3. In Paragraph 1, A method for manufacturing lithium sulfide in which the process of removing impurities from the lithium sulfide is performed for 2 to 5 hours.
4. In Paragraph 1, The process of removing impurities from the above lithium sulfide is 10 -1 to 10 -5 A method for manufacturing lithium sulfide performed in a pressure range of Torr.
5. In Paragraph 1, A method for producing lithium sulfide in which the lithium oxide (Li2O) in the produced lithium sulfide is 5.5% or less as an XRD ratio (%).

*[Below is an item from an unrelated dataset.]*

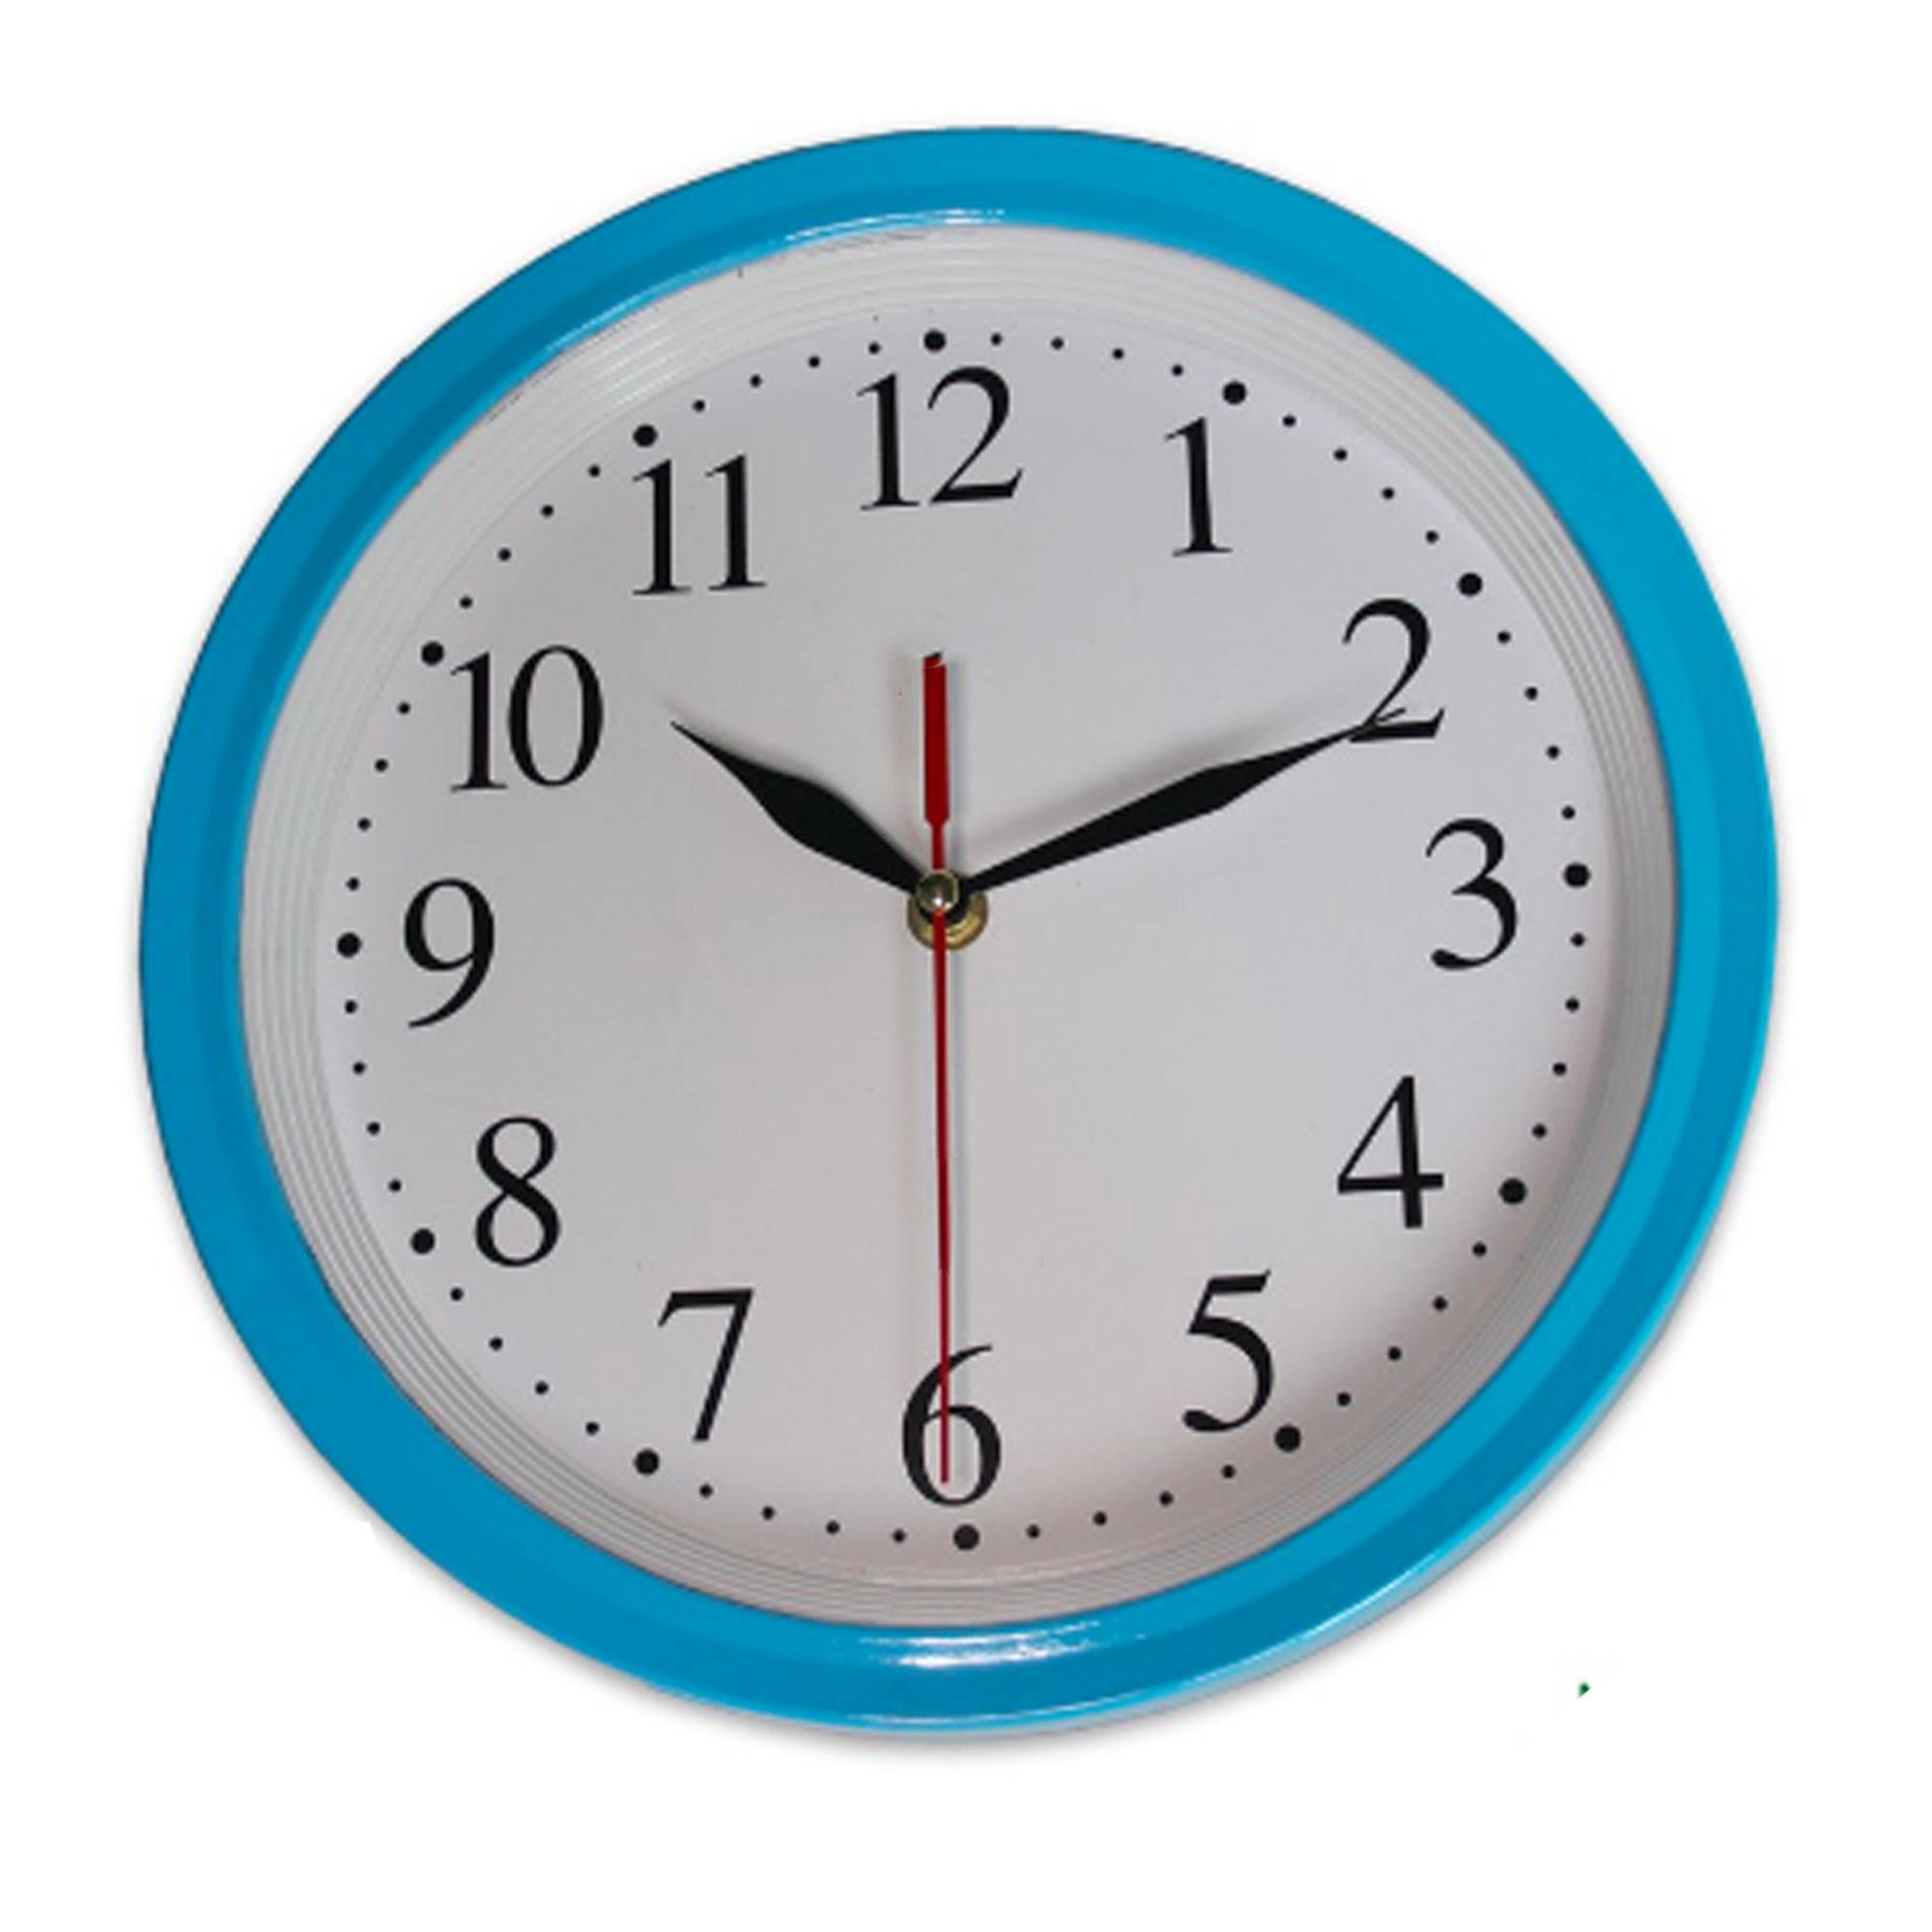 Đồng hồ treo tường mặt tròn nền trắng kim giật - NDHQL-HD16-Ho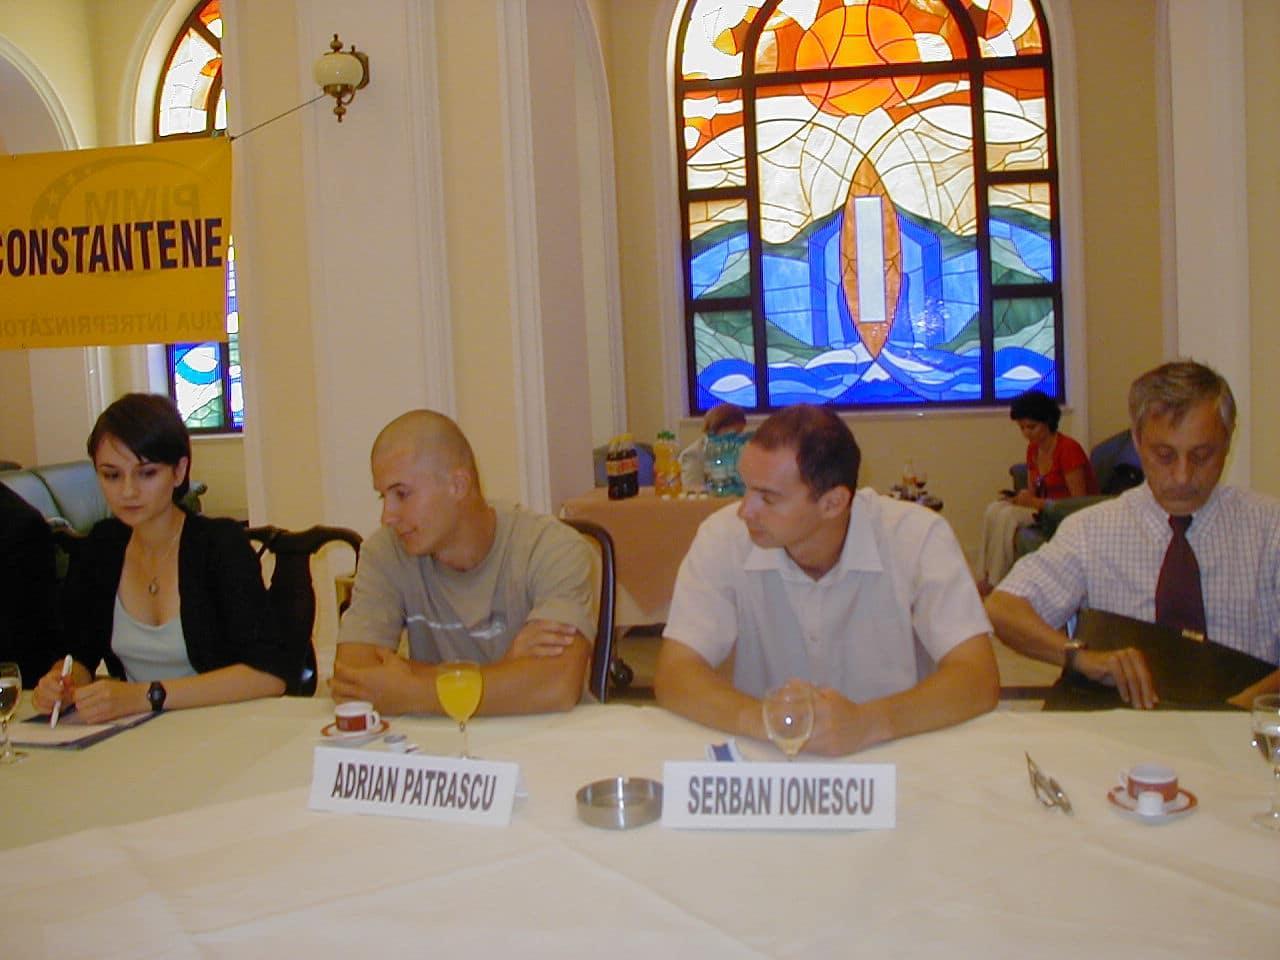 Cei doi tineri câştigători: Şerban Ionescu şi Adrian Pătraşcu.

6. In Paragraph 1, A method for manufacturing lithium sulfide comprising a thermal reduction process in which a lithium compound and a reducing agent powder are mixed and heat-treated, in the step of preparing lithium sulfide containing the above impurities.
7. In Paragraph 6, A method for producing lithium sulfide in which the content of the lithium compound in the above thermal reduction process is less than the content of the reducing agent powder.
8. In Paragraph 6, A method for producing lithium sulfide in which the weight ratio of the reducing agent powder and the lithium compound in the above thermal reduction process satisfies 1:1 to 1:
10.
9. In Paragraph 6, The above thermal reduction process is a method for manufacturing lithium sulfide performed at 700 to 1,000 ℃.
10. In Paragraph 6, A method for producing lithium sulfide in which the above thermal reduction process is performed for 1.5 to 5.0 hours.
11. In Paragraph 1, A method for manufacturing lithium sulfide in which the process of removing impurities from the lithium sulfide is performed in a magnesia crucible.
12. In Paragraph 6, A method for producing lithium sulfide powder through the above thermal reduction process, wherein the lithium sulfide powder is at least one of Li2SO4-rich or Li2O-rich.